Solved – Raw residuals versus standardised residuals versus studentised residuals – what to use when

goodness of fitresiduals

This looks like a similar question and didn't get many responses.

Omitting tests such as Cook's D, and just looking at residuals as a group, I am interested in how others use residuals when assessing goodness-of-fit. I use the raw residuals:

  1. in a QQ-plot, for assessing normality
  2. in a scatterplot of $y$ versus residuals, for eyeball check of (a) hetereoscedasticity and (b) serial autocorrelation.

For plotting $y$ versus residuals to examine the values for $y$ where outliers may occur, I prefer to use the studentized residuals. The reason for my preference is that it allows easy viewing of which residuals at which $y$-values are problematic, although standardised residuals provide an extremely similar result. My theory on which is used is that it depends on which university one went to.

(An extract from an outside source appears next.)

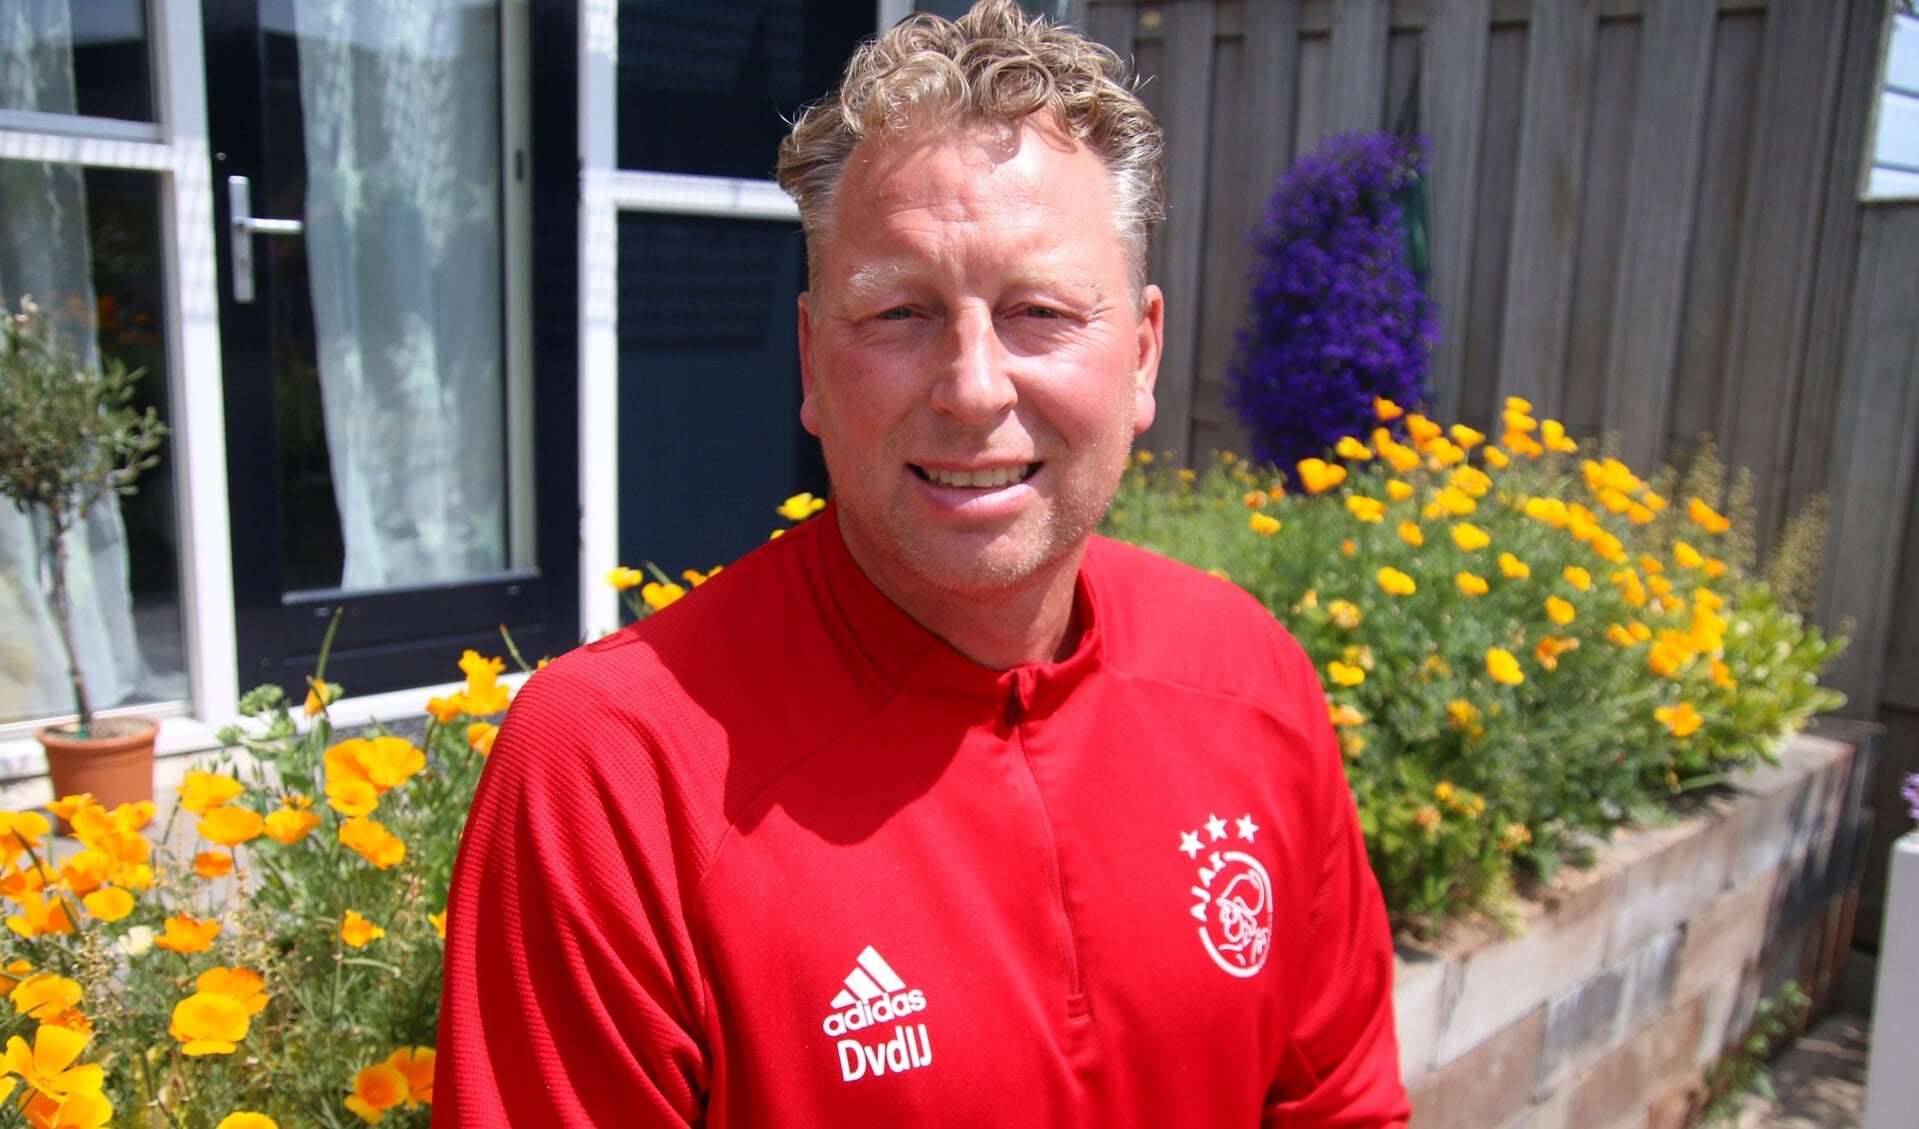 Nu John Heitinga doorstroomt naar Jong Ajax, heeft Dennis van den IJssel een nieuwe functie bij de Amsterdammers. Hij is nu de hoofdcoach geworden van Ajax O16.

Is this similar to how others use residuals? Do others use this number of graphs in combination with summary statistics?

Best Answer

This isn't so much an answer as a clarification on terminology. Your question asks about raw, standarized, and studentized residuals. However, this is not the terminology used by most statisticians, though I note your class notes state that it is.

Raw: same as you have it.

Standardized: this is actually the raw residuals divided by the true standard deviation of the residuals. As the true standard deviation is rarely known, a standardized residual is almost never used.

Internally Studentized: because the true standard deviation of the residuals is not typically known, the estimated standard deviation is used instead. This is an interanlly studentized residual, and it is what you called standardized.

Externally Studentized: the same as the internally studentized residual, except that the estimate of the standard deviation of the residuals is calcuated from a regression leaving out the observation in question.

Pearson: the raw residual divided by the standard deviation of the response variable (the y variable) rather than of the residuals. You don't have this one listed.

"leave one out": Doesn't have a formal name, but it is the same as the class notes.

standarized "leave one out": also doesn't have a formal name, but this is not what the class notes call studentized.

Sources:

  1. the same wiki link you have about studentized residuals ("a studentized residual is the quotient resulting from the division of a residual by an estimate of its standard deviation")

  2. documentation for residual calculation in SAS